▶ **What you need to do**: A verbatim copy of the listing is needed; pictures are to be left out.

▶ **Data excerpt**:

━━━

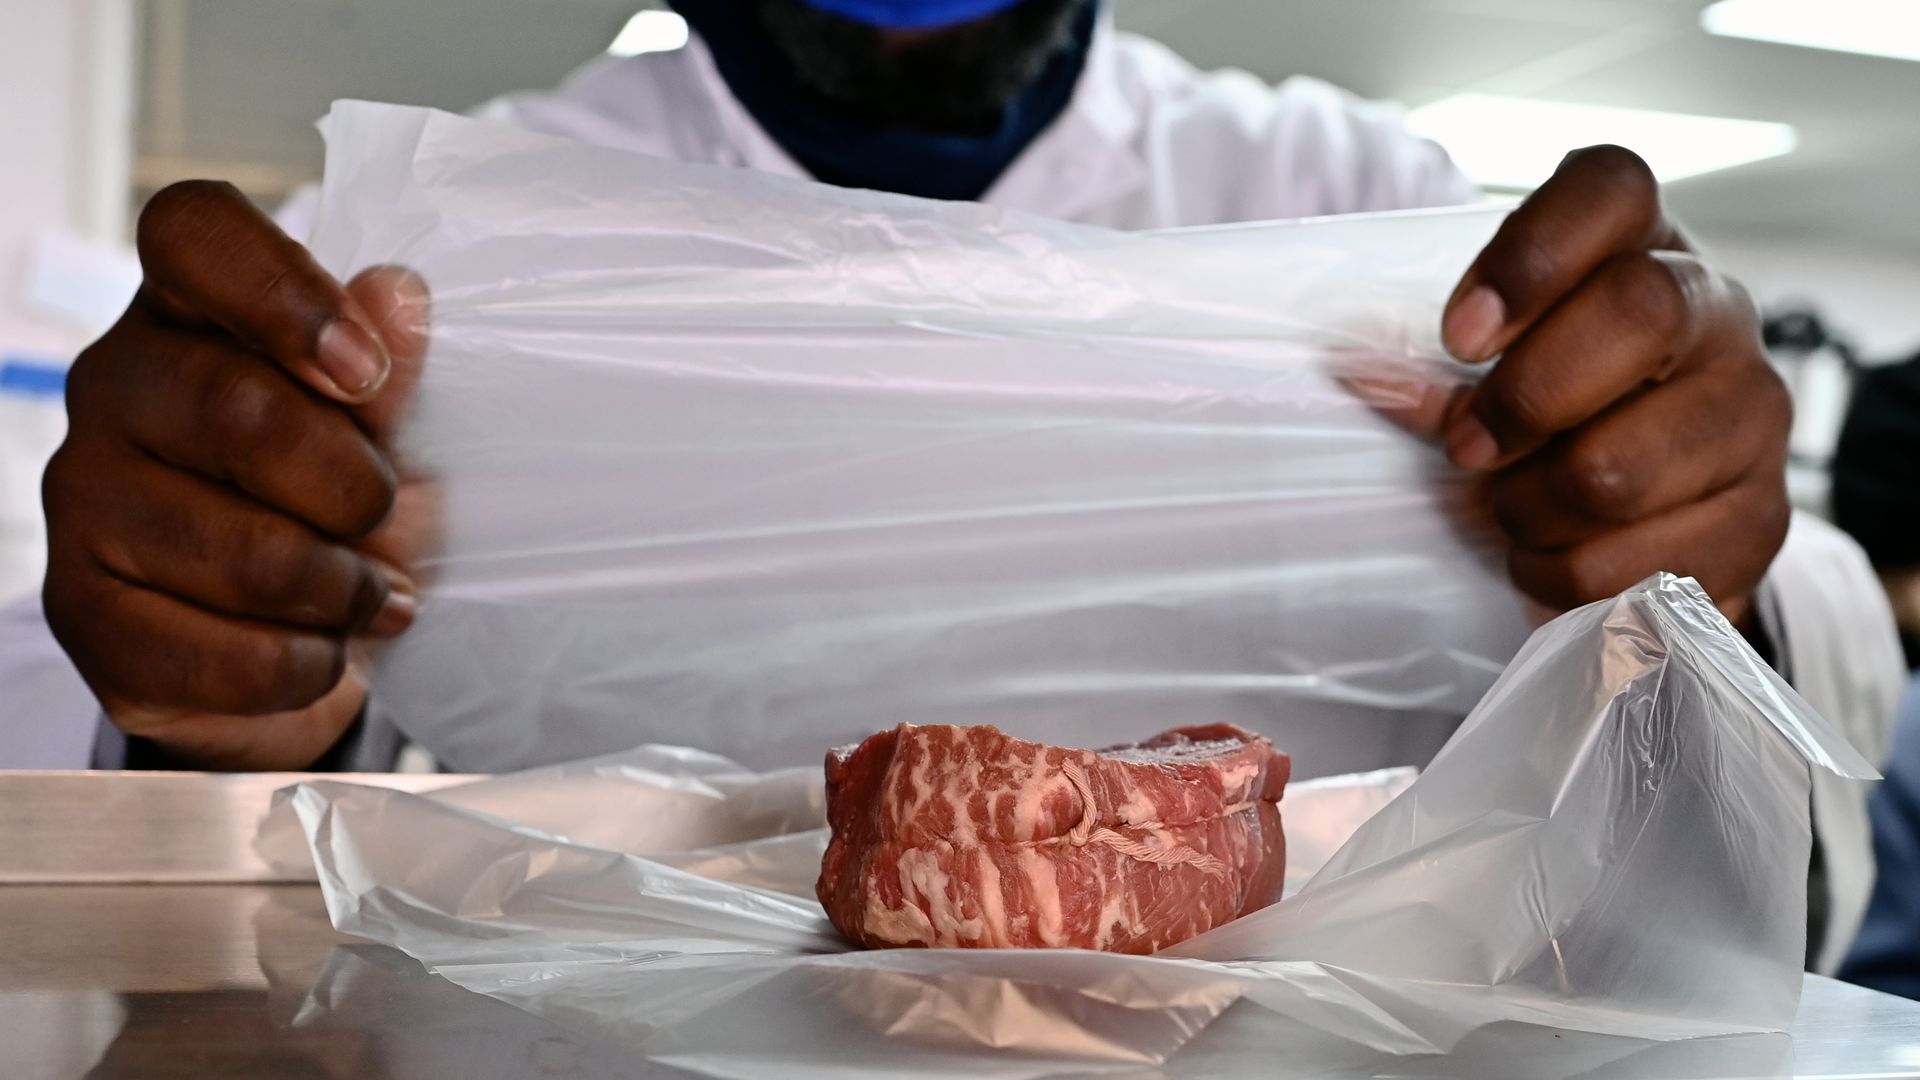 A butcher wraps up a steak
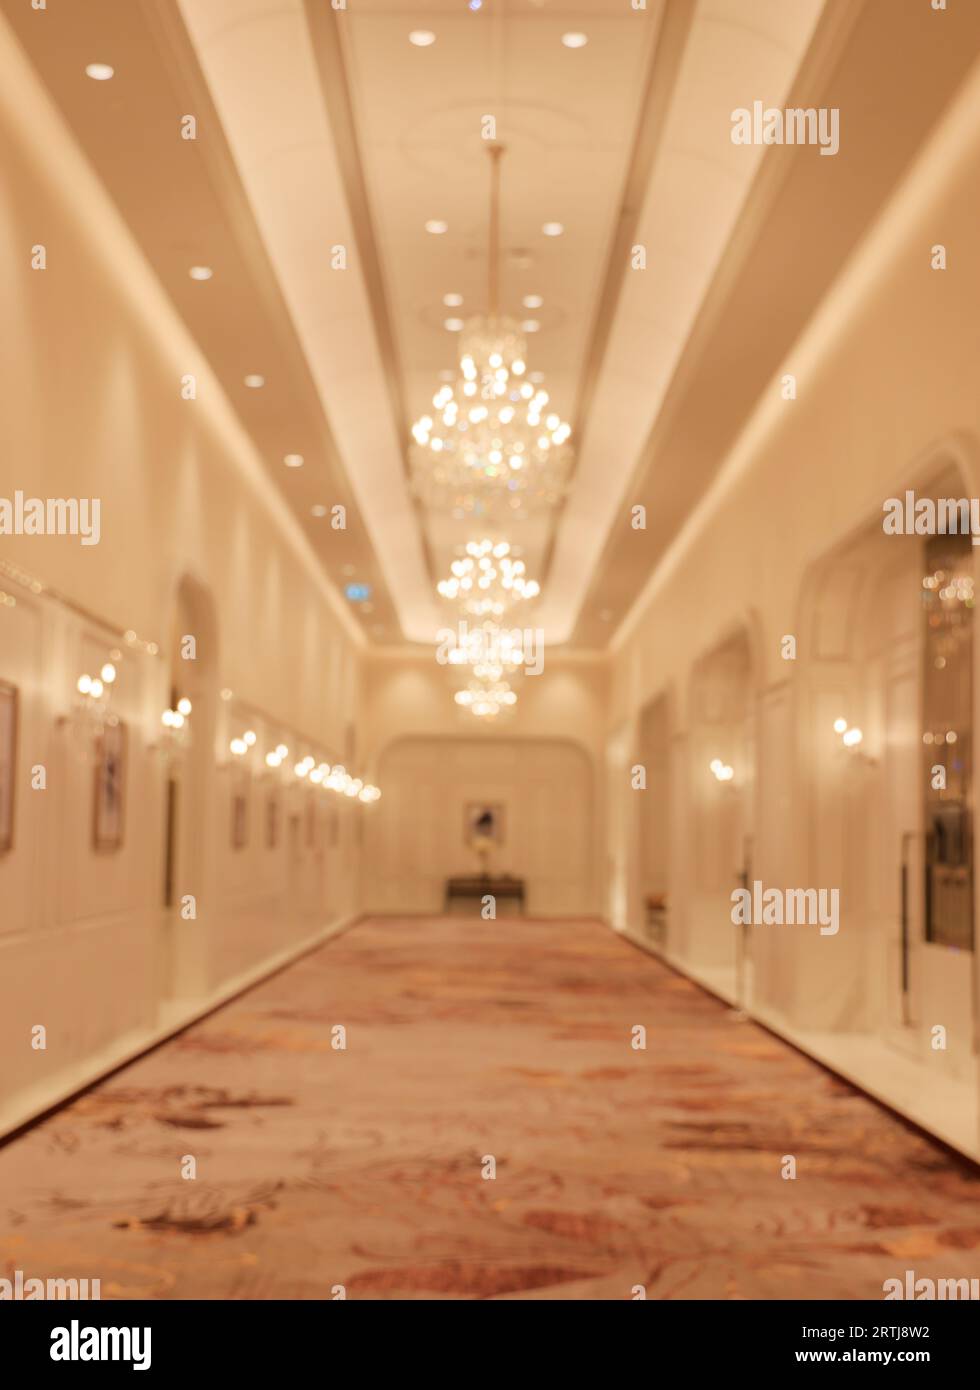 Blur, Abstract Blurred, unfocus, defocus image of modern corridor or hallway. Mystical interior of empty corridor. Stock Photo
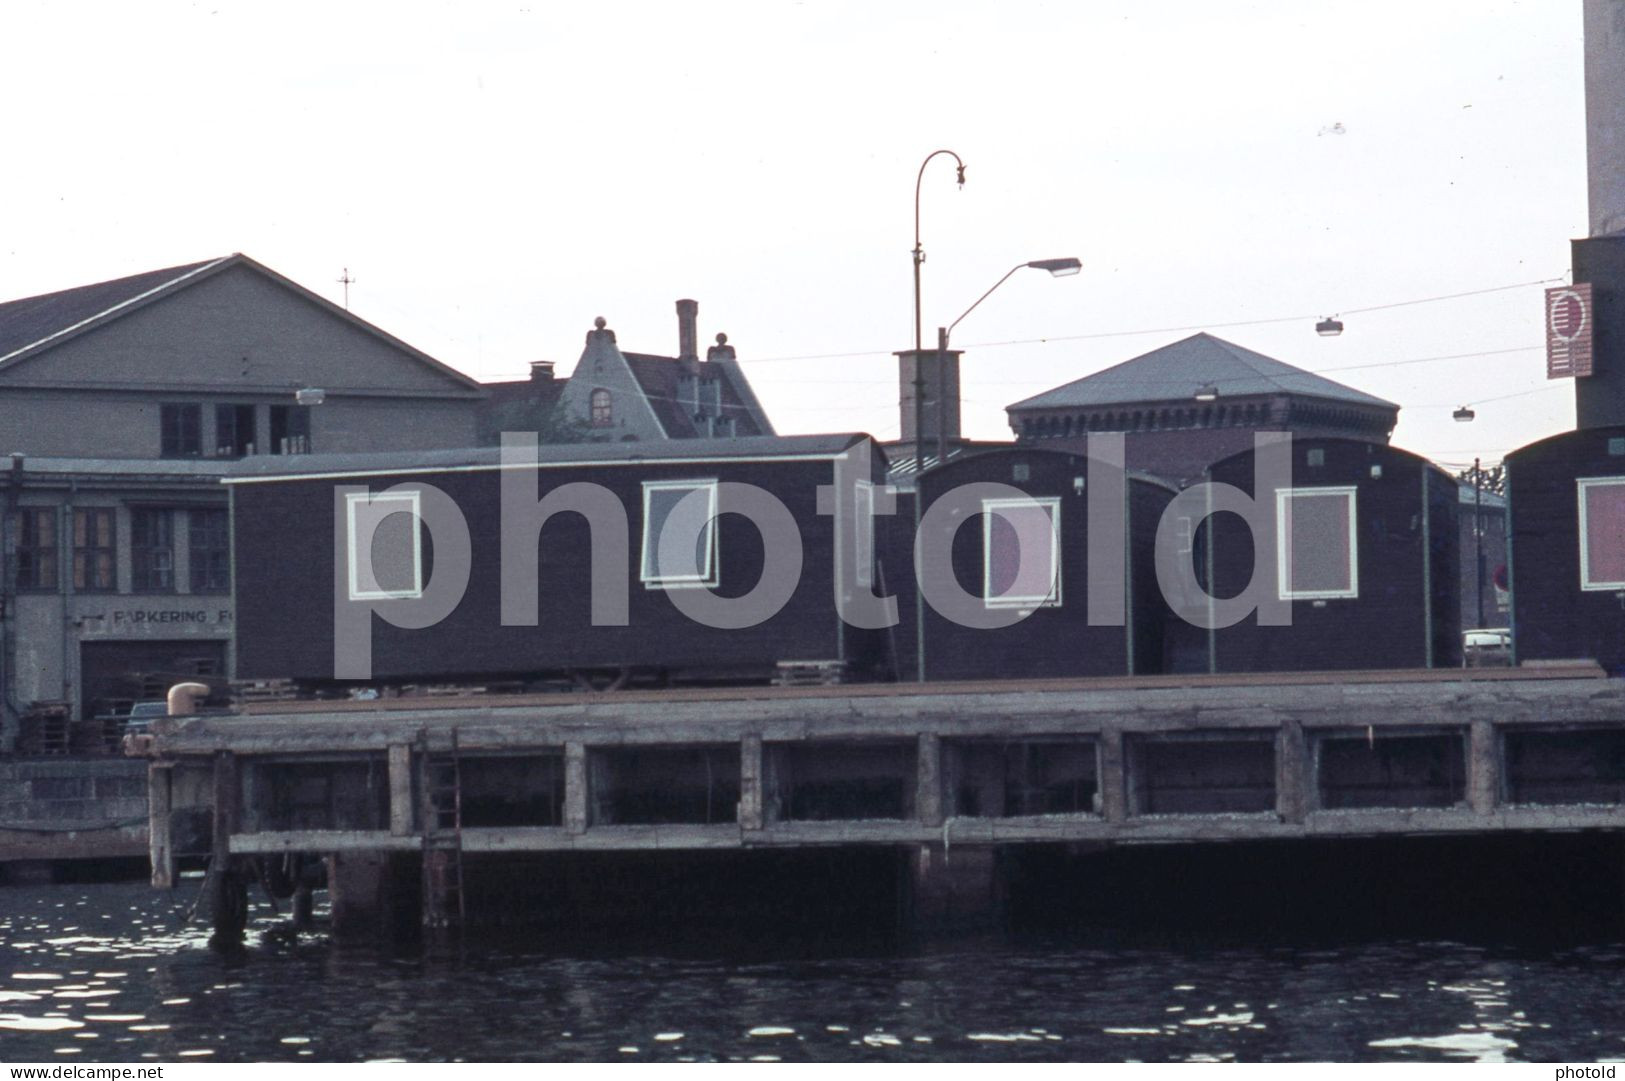 6 SLIDES SET 1977 OSLO NORWAY FJORDER NORGE AMATEUR 35mm SLIDE PHOTO 35mm DIAPOSITIVE SLIDE Not PHOTO No FOTO NB4161 - Diapositives (slides)
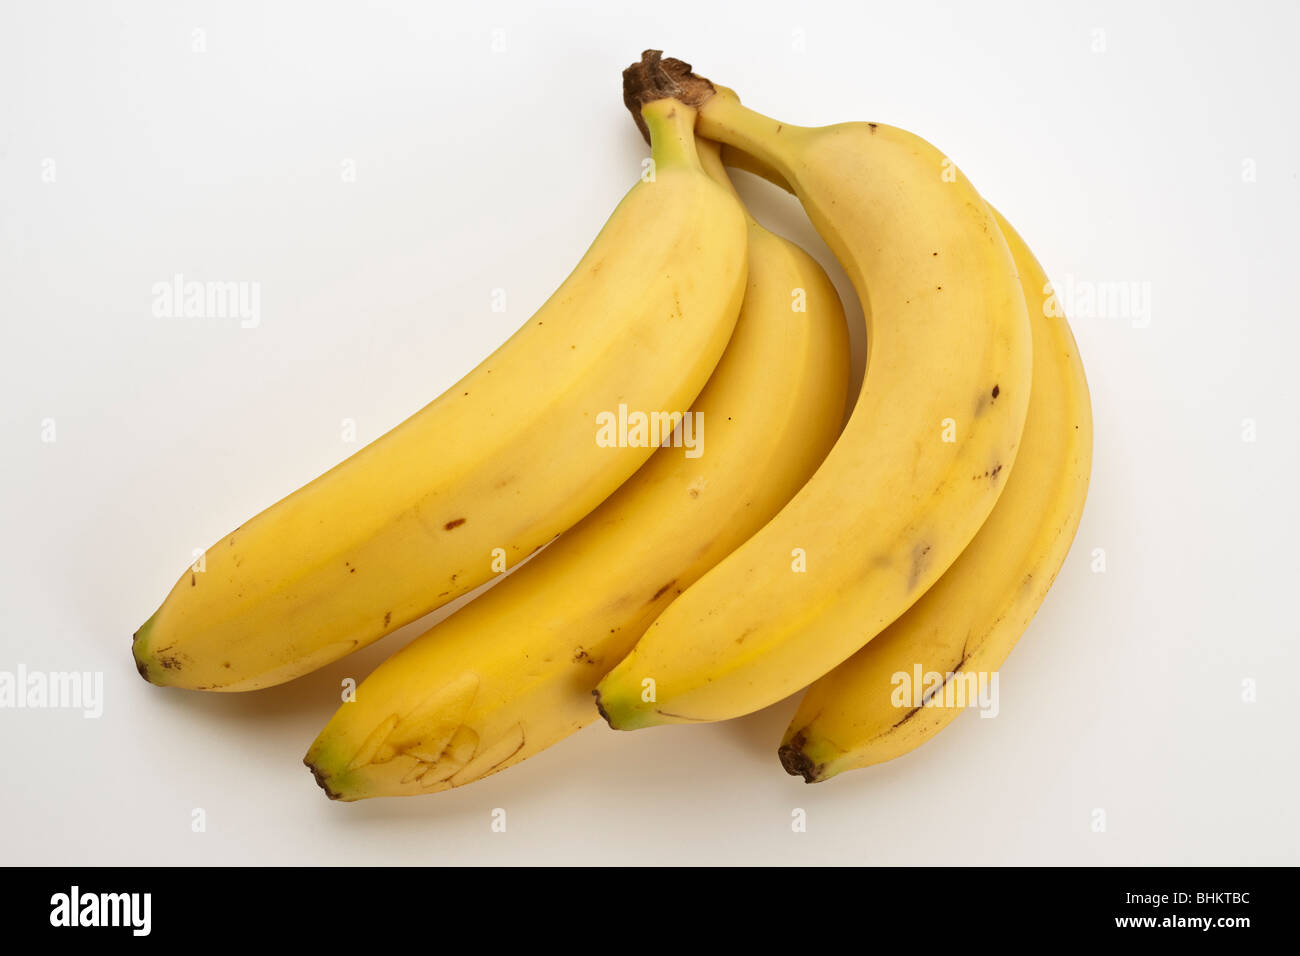 Quattro unita giallo banane mature Foto Stock

━━━

▶ **Answer box**:
 A butcher wraps up a steak
 Blur, Abstract Blurred, unfocus, defocus image of modern corridor or hallway. Mystical interior of empty corridor. Stock Photo
 6 SLIDES SET 1977 OSLO NORWAY FJORDER NORGE AMATEUR 35mm SLIDE PHOTO 35mm DIAPOSITIVE SLIDE Not PHOTO No FOTO NB4161 - Diapositives (slides)
 Quattro unita giallo banane mature Foto Stock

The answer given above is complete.